[YOUR OBJECTIVE]
Would you give the listing back word for word once its pictures are removed?

[GIVEN INFORMATION]
-*-*-

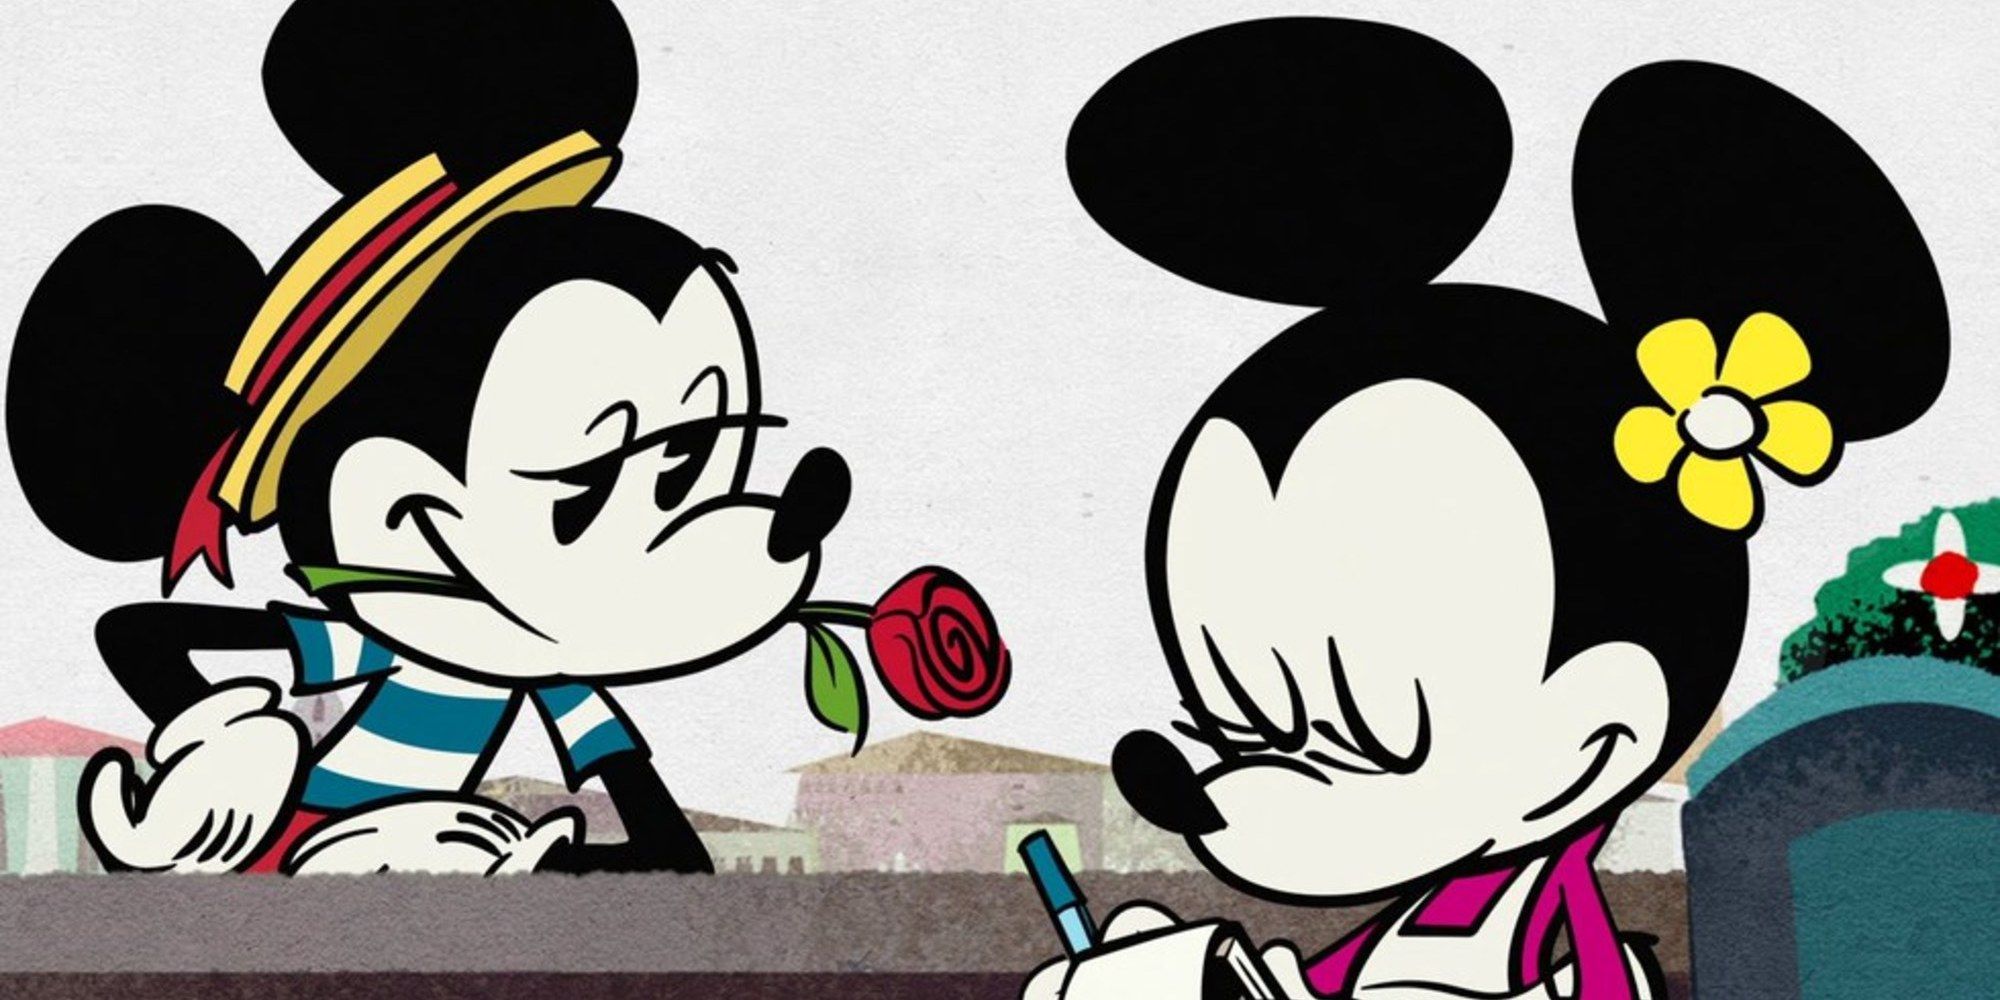 Mickey Mouse holding a rose in his mouth and talking to Minnie Mouse
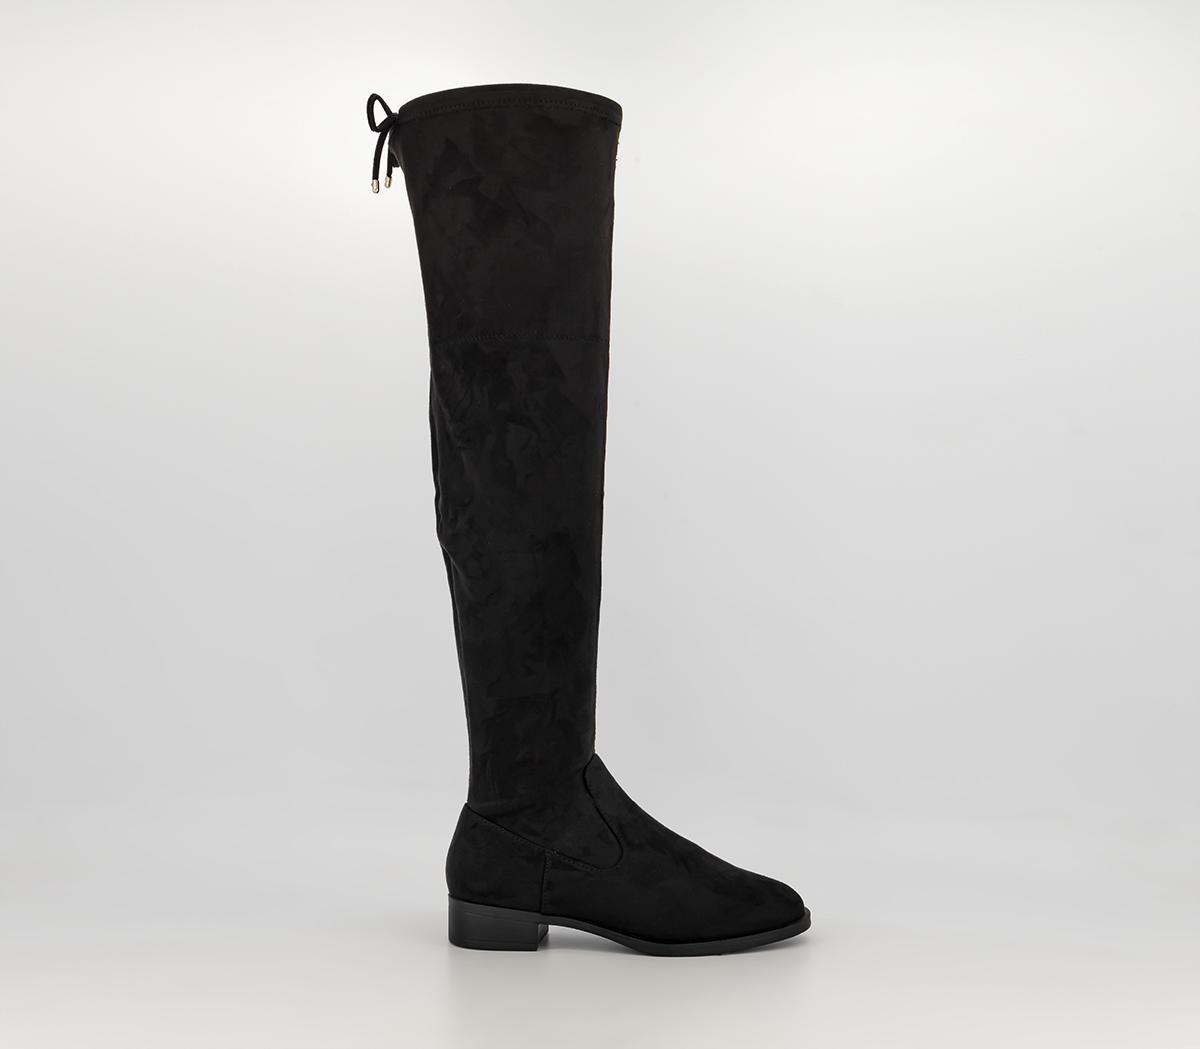 OFFICEWide Fit Kai Stretch Over The Knee BootsBlack
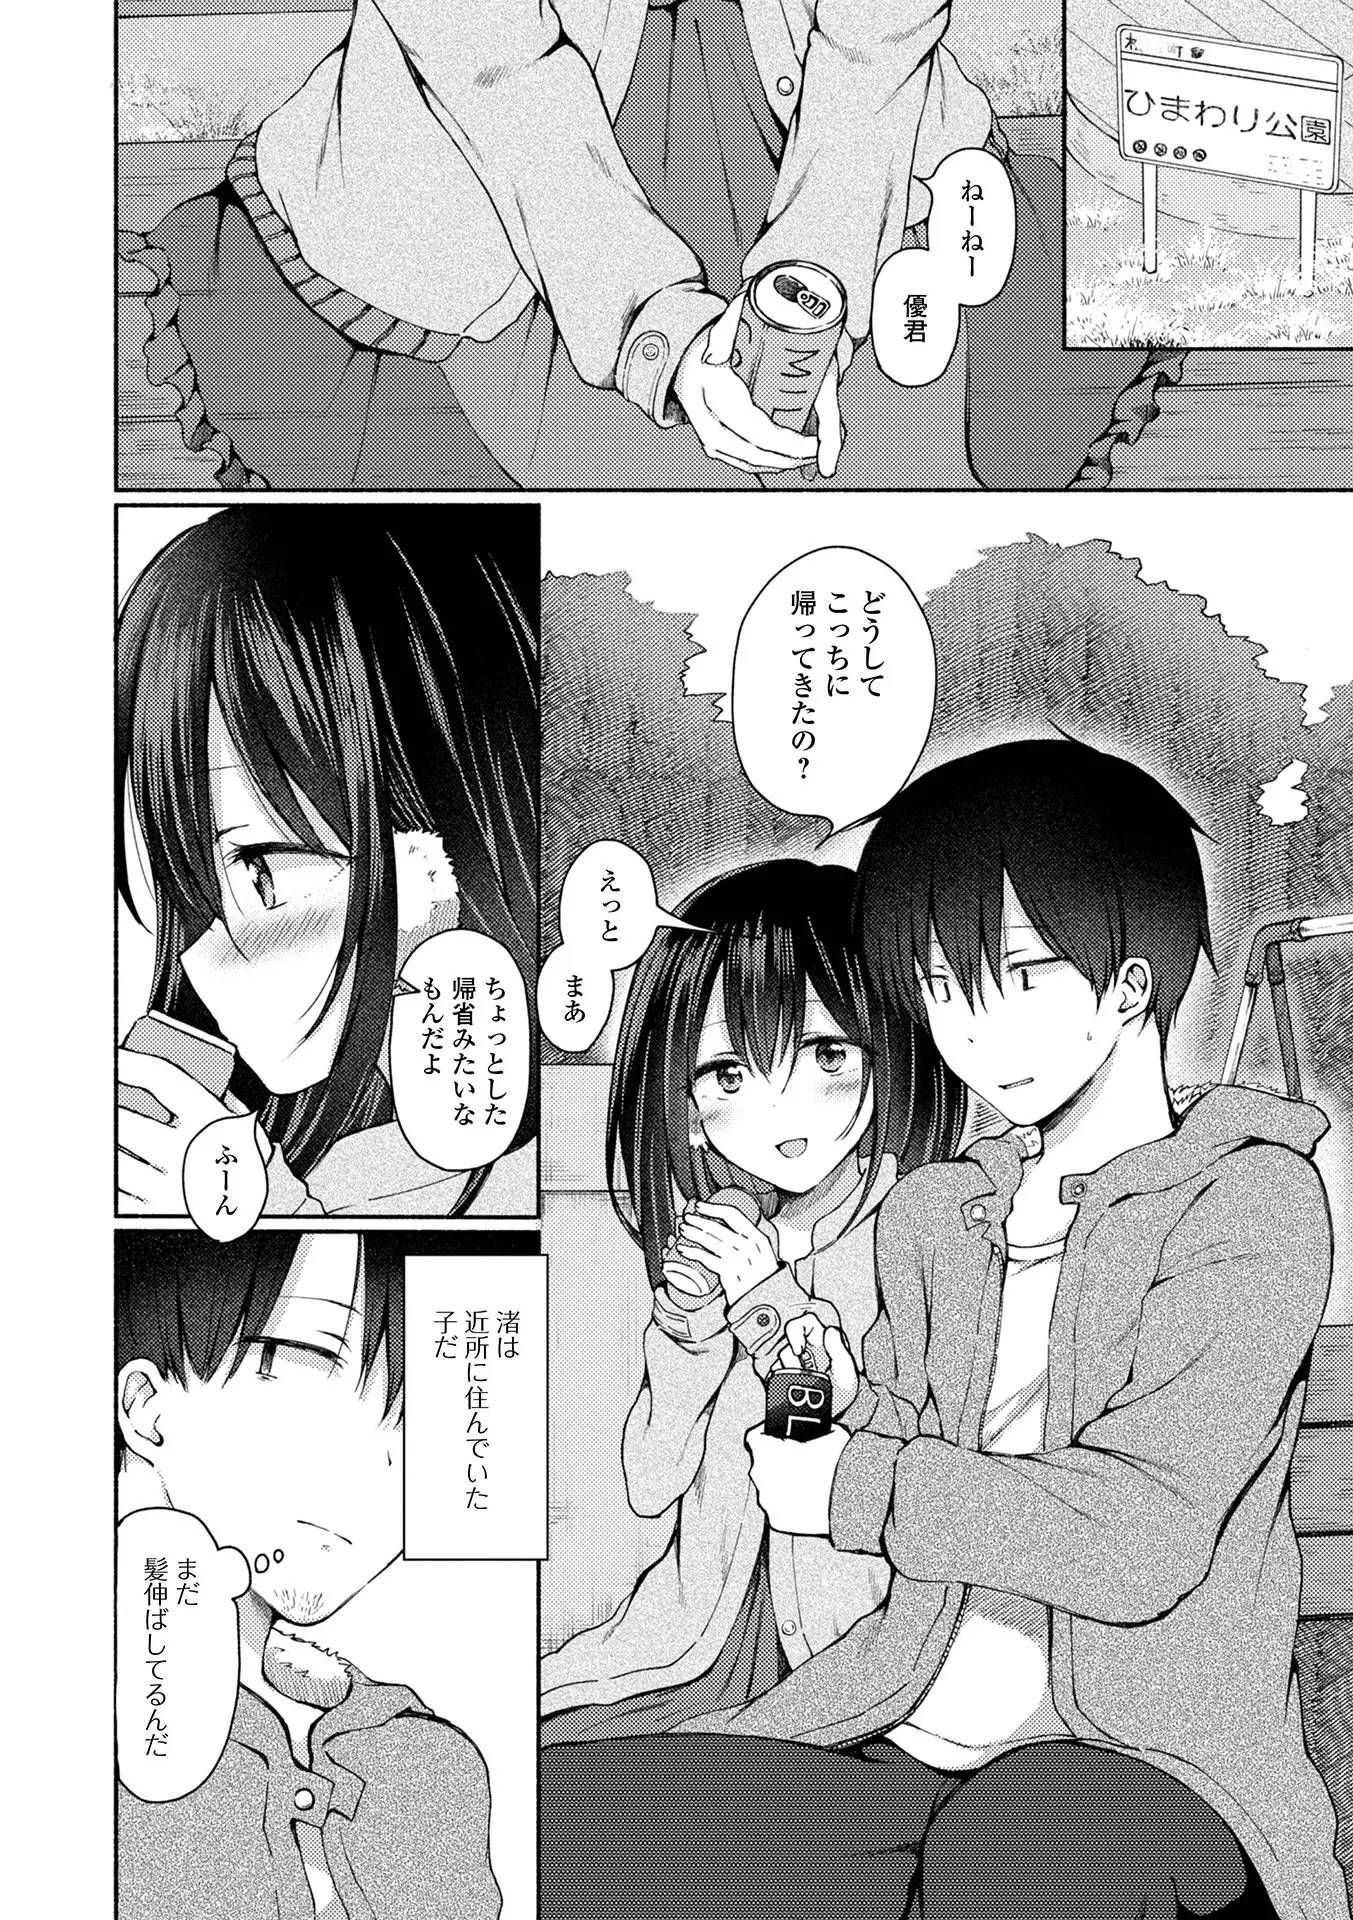 【Image】 Mr. Mann who saw the face of his childhood friend for the first time in a long time, becomes a female face www 1

-*-*-

[RESPONSE FOR THIS EXERCISE]
 Mickey Mouse holding a rose in his mouth and talking to Minnie Mouse
 OFFICEWide Fit Kai Stretch Over The Knee BootsBlack
 【Image】 Mr. Mann who saw the face of his childhood friend for the first time in a long time, becomes a female face www 1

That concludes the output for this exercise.